Since there were several PKs with too few known phosphorylation sites, we clustered them into distinct sub-groups based on sequence homology. For example, eight ribosomal protein S6 kinases (RSK1, Q15418; RSK3, Q15349; RSK2, P51812; MSK1, O75676; MSK1, O75582; RSK4, Q9UK32; S6K1, P23443; STK14B, Q9UBS0) are homologous with high similarity, so we clustered these PKs into a unique PK group of S6K (Ribosomal protein S6 kinase, or RSK). In total, we have enabled 68 PK grouped.

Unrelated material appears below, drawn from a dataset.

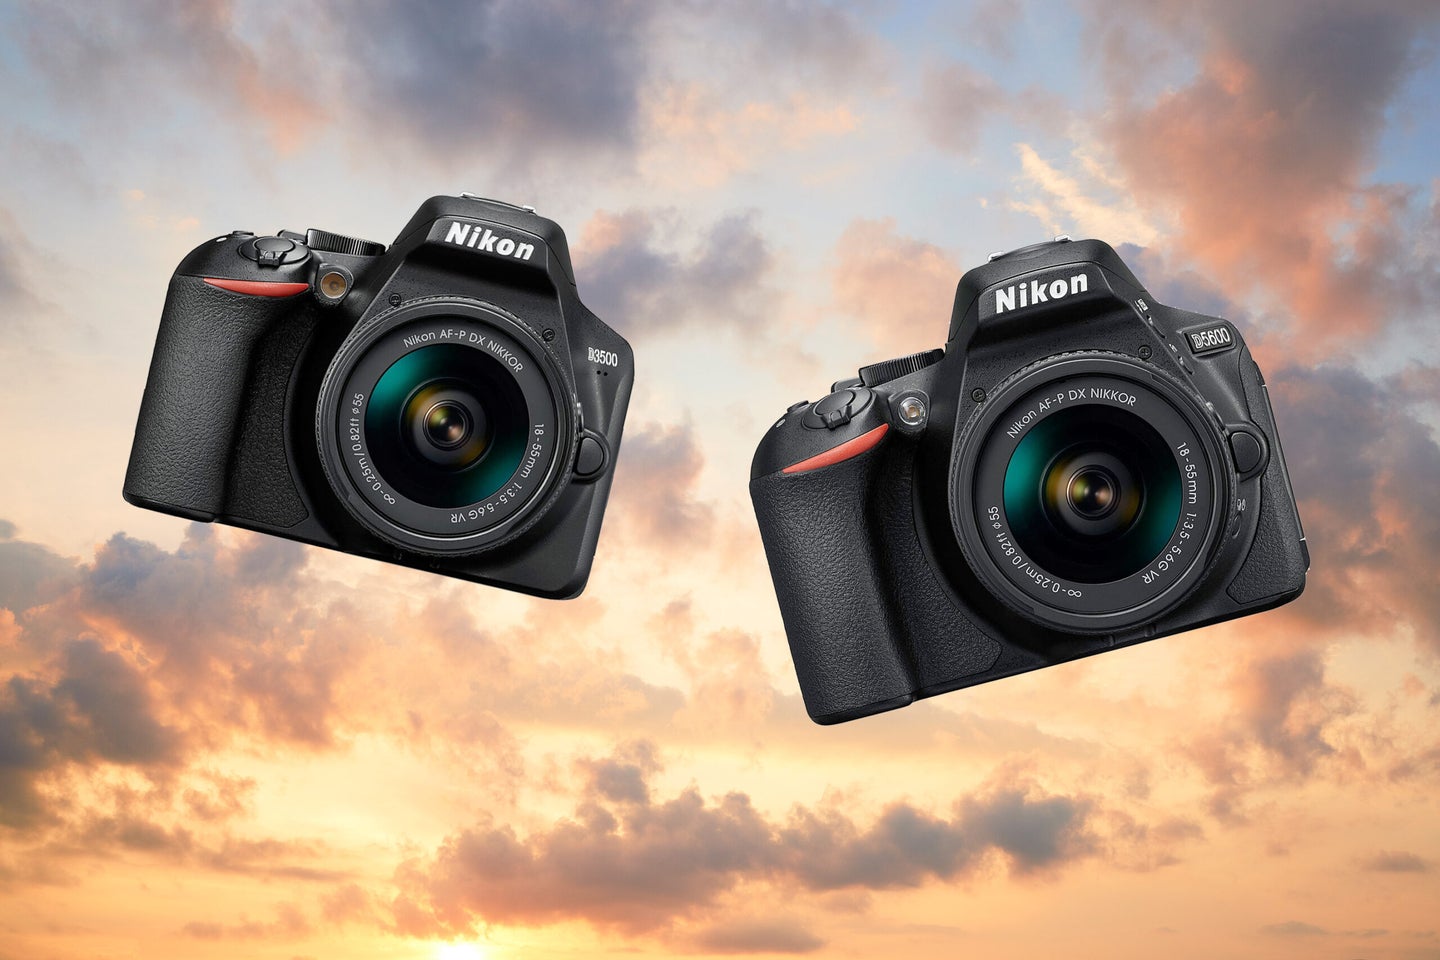 Nikon confirms the end of production for the D3500 & D5600 DSLRs

Although Swiss-Prot also curates a huge amount of phosphorylation sites, we have found ~69% of the annotation to be ambiguous (7,924 of 11,520) (see additional file 2). There are only 842 items to be kinase-specific sites, and only 18 PKs with not less than ten sites (see additional file 3). Phospho.ELM has been constructed based on the rationale of allowing both experimentalists and bioinformatists to easily access extensive information of phosphoproteins with their sites, i.e., tracking the primary reference to find whether the site is really phosphorylated, identified in vivo or in vitro, and the relationship between the phosphorylation with physiological response [28]. And these data has been collected from literature manually with high quality. Taken together, although other resources also have collected some phosphorylation sites, we chose Phospho.ELM for its comprehensiveness.

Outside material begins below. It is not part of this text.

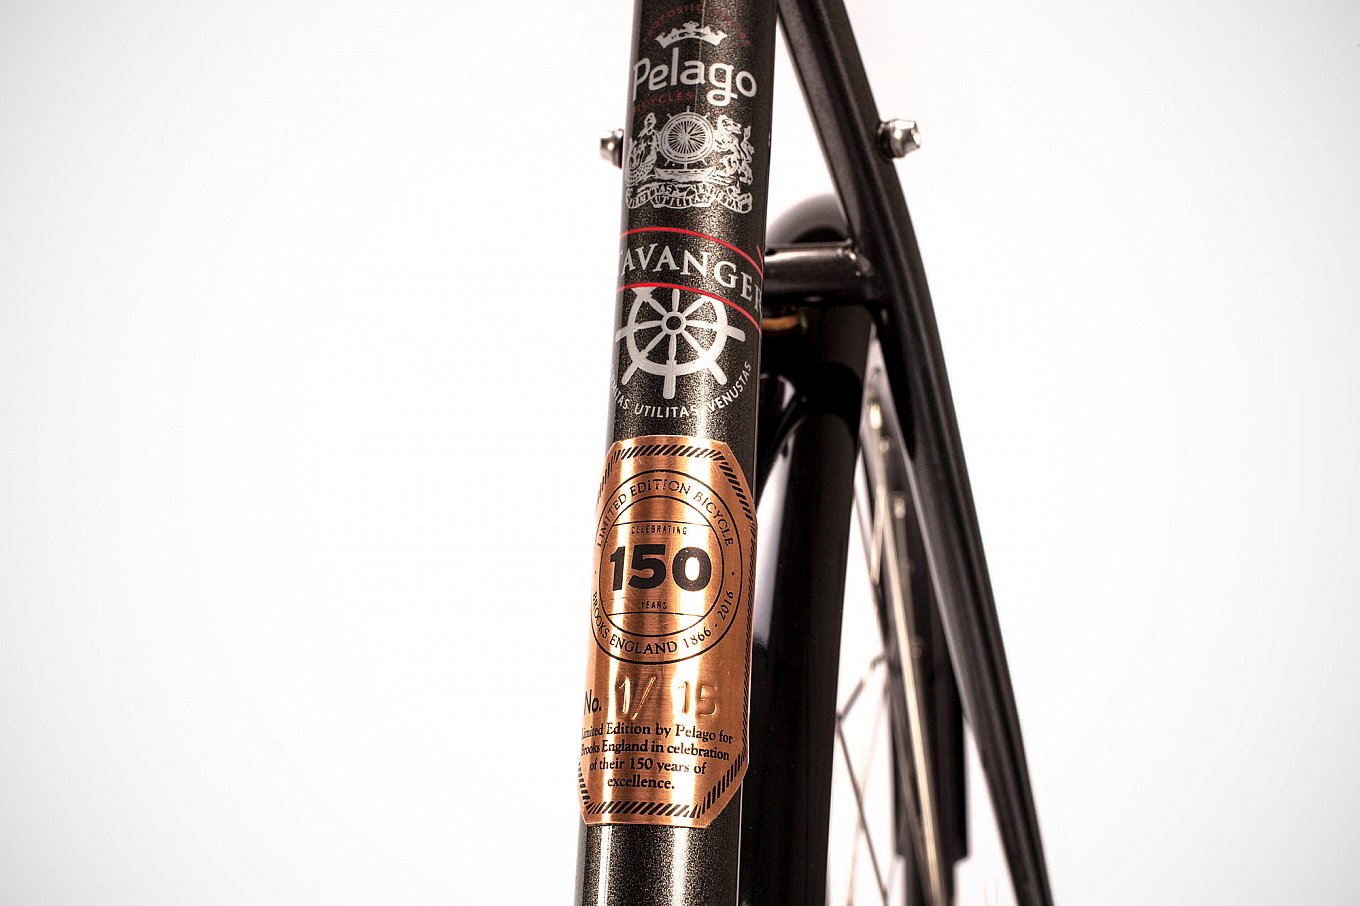 brooks-england-x-pelago-bicycles-limited-edition-stavanger-bike-5

Positive & negative control for evaluation

The sequence information of these phosphorylation substrates was retrieved from ExPASy. As previously described [11], we adopted the experimental phosphorylation sites as the positive control, while all other residues (S/T or Y) in the phosphorylation substrates were regarded as the negative control. The detailed statistics of the positive and negative data sets categorized by PK groups is available (see additional file 4).

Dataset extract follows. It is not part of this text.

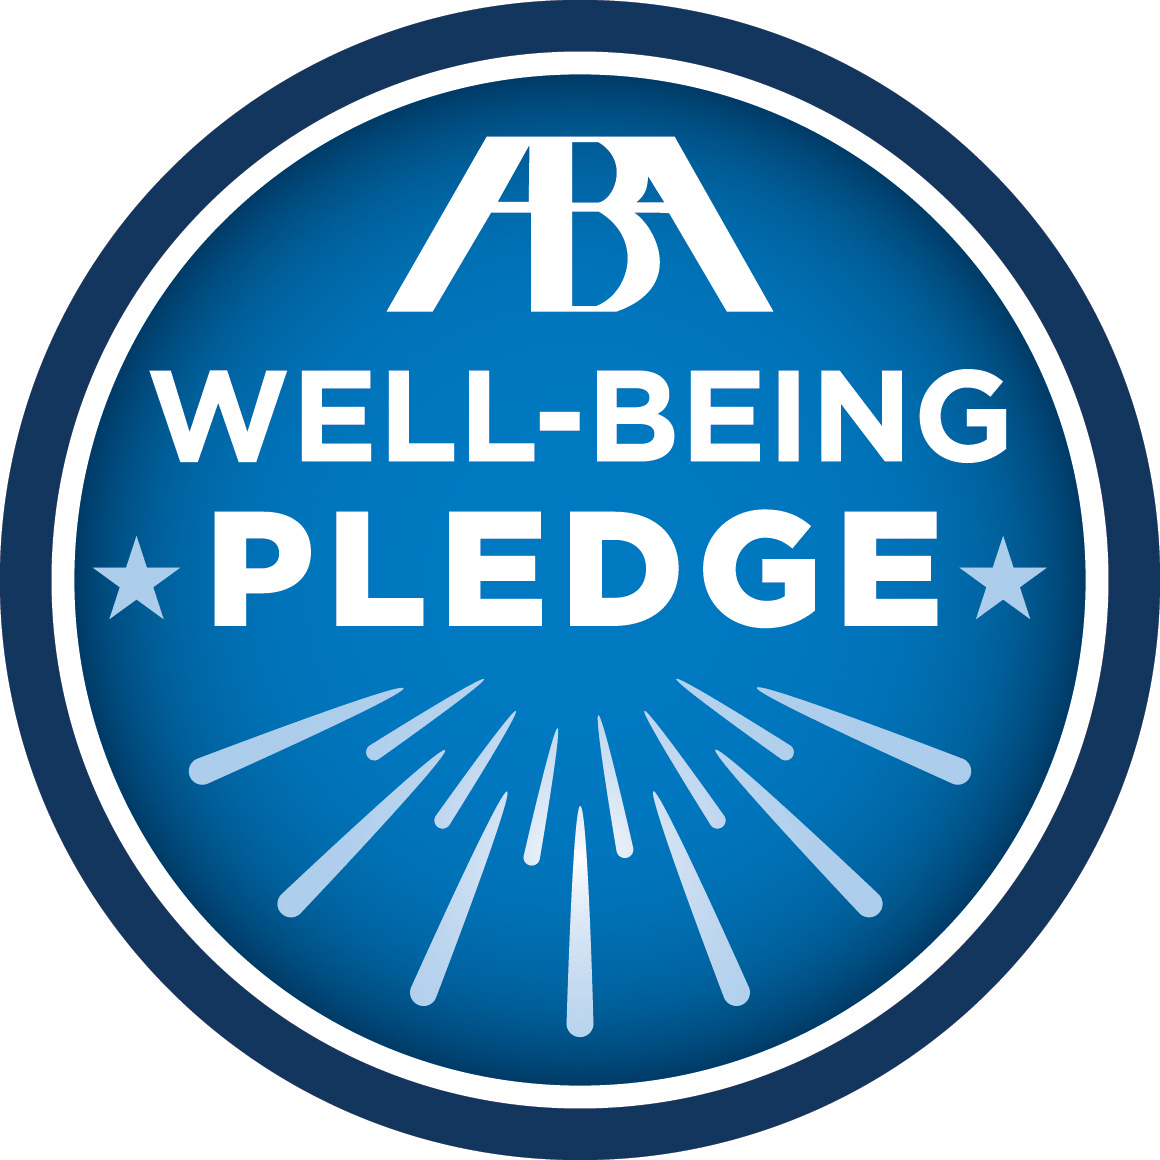 ABA Well-Being Pledge Logo

Bayesian Decision Theory (BDT)

Supposed that we have an unclassified data x that belongs to one of two certain categories: C1 (defined as phosphorylated sites in this work) and C2 (defined as non-phosphorylated sites). In addition, suppose the posterior probability of x for these two categories can be denoted as: p(C₁|x) and p(C₂|x). Then the probability of wrong prediction is:

$P(error|x)=\begin{array}{c}p(C_1|x),ifx\in C_2\\ p(C_2|x),ifx\in C_1\end{array}\left(1\right)$

To minimize the expectation of error probability that is defined as [29]:

P(error) = ∫P(error|x)p(x)dx    (2)

It is obvious that one should choose the more probable category as the prediction result, which can be formulated by the Bayesian Decision Rule [29]:

$predictxas\{\begin{array}{ll}{C}_1,\hfill & ifP(C_1|x)>P(C_2|x)\hfill \\ C_2,\hfill & otherwise\hfill \end{array}\left(3\right)$

Furthermore, by definition we can introduce the loss function λ(α _i |C _j ), where α _i ,i = 1,2 is the finite set of possible solution. Thus the expected loss (risk) of taking action α _i is:

$R({\alpha }_i|x)={\displaystyle \sum _{l=1}^2\lambda ({\alpha }_i|C_l)P(C_l|x)}\left(4\right)$

In this condition, the goal of optimization becomes to minimize the overall risk for every x. Similar to the rationale of Bayesian Decision Rule, we can obtain the best performance by computing R(α _i |x) for each solution α _i and choose that for which has the minimal overall risk (also named as Bayes Risk) [29].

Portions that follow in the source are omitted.